__What to work on__
Give the lines below again, exactly as they stand, and leave out the images.

__Supplied data__
------------

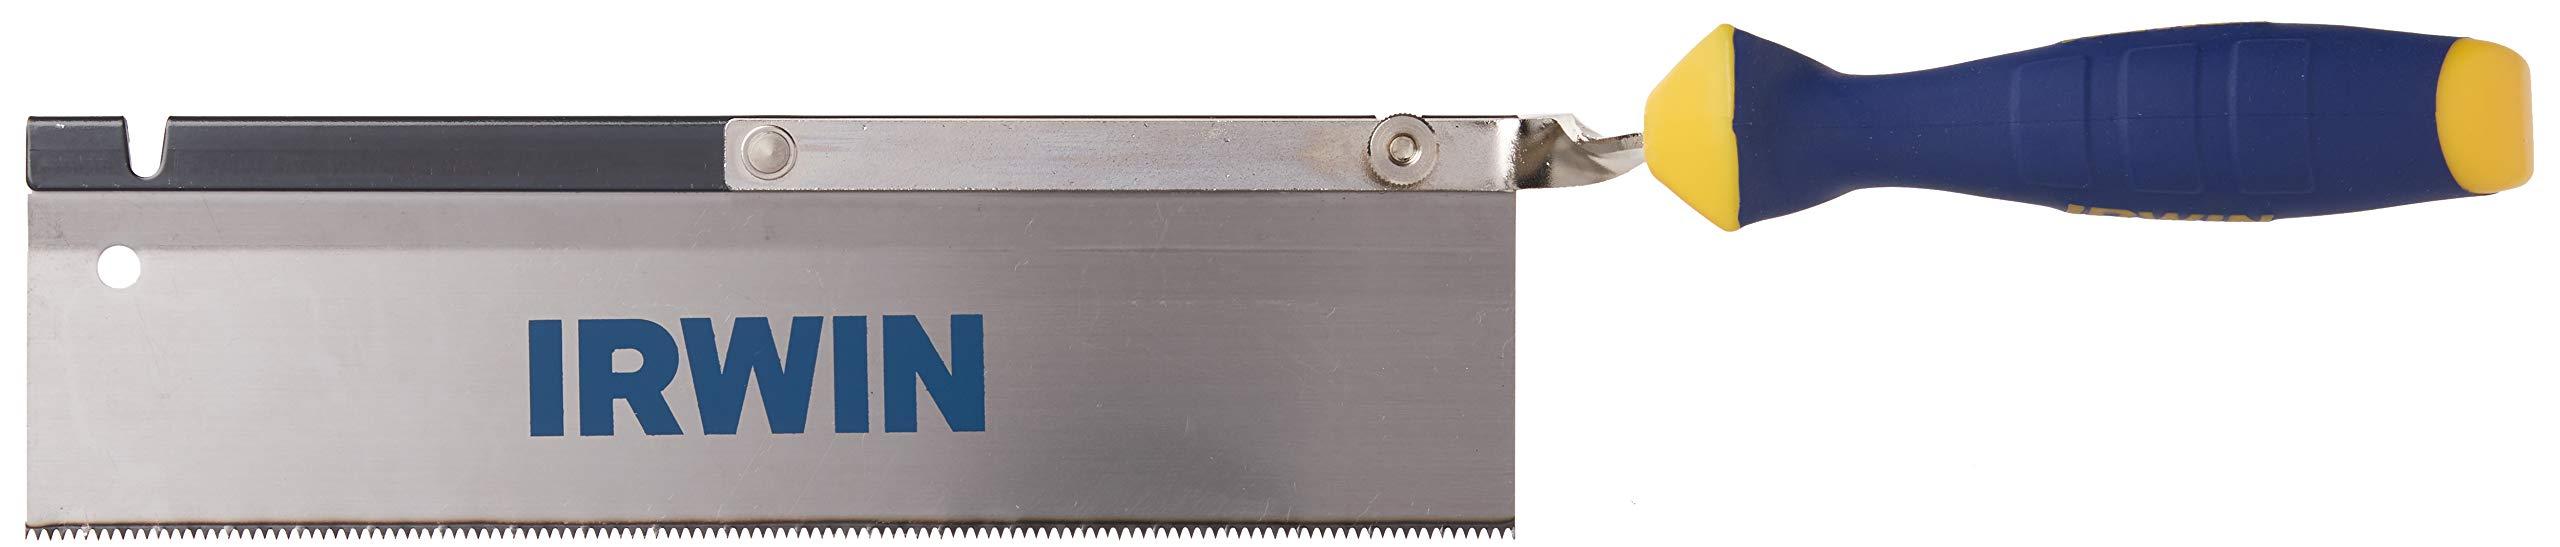 IRWIN Dovetail Saw, 10-Inch (2014450)
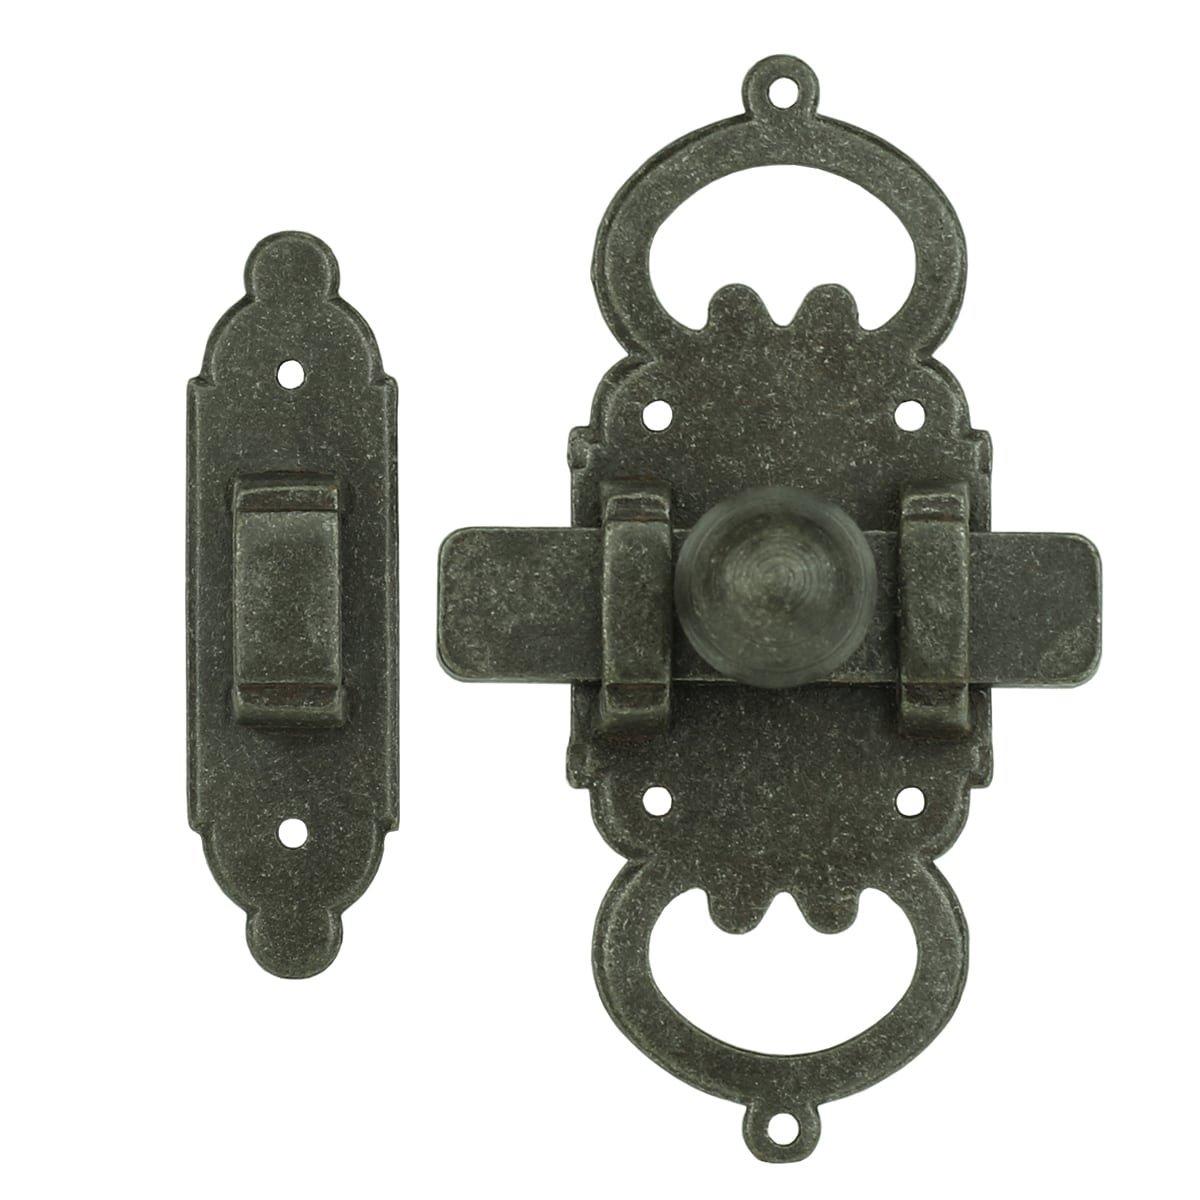 Türbeschläge Türschlösser Schiebeschloss mit schlossfänger antik - 100 mm
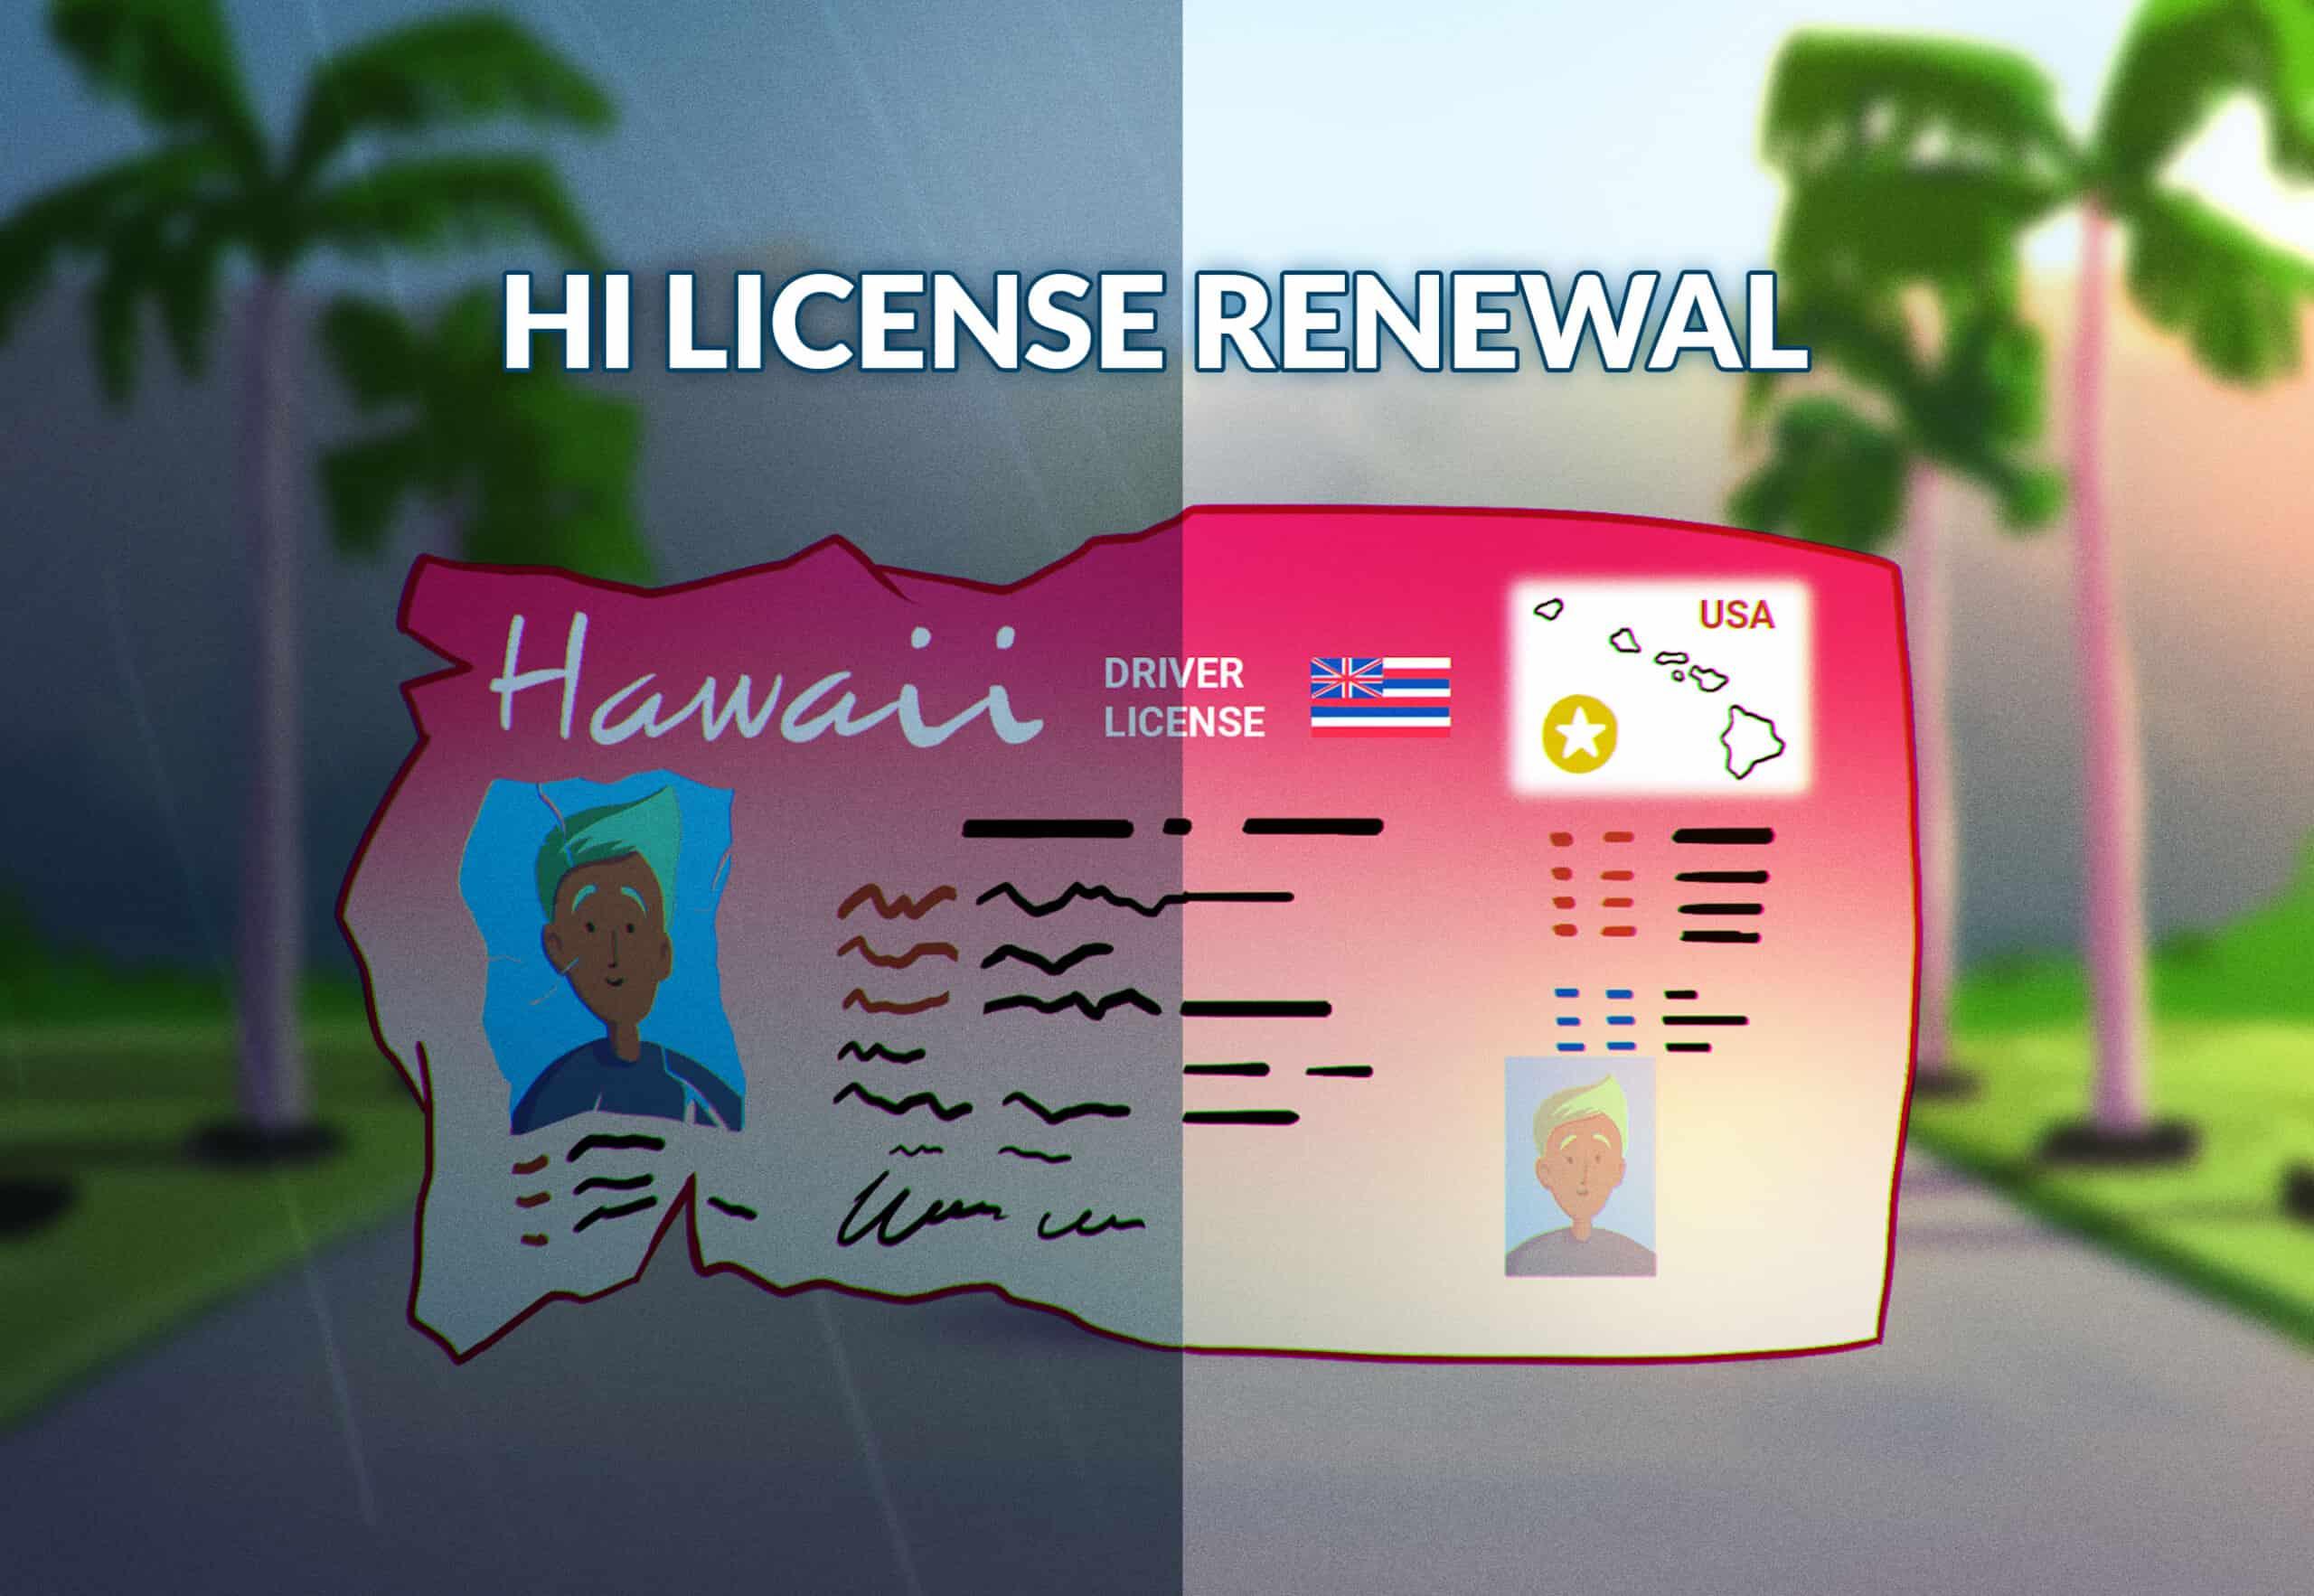 Hawaii Driver's License Renewal

------------

__Response area__
 IRWIN Dovetail Saw, 10-Inch (2014450)
 Türbeschläge Türschlösser Schiebeschloss mit schlossfänger antik - 100 mm
 Hawaii Driver's License Renewal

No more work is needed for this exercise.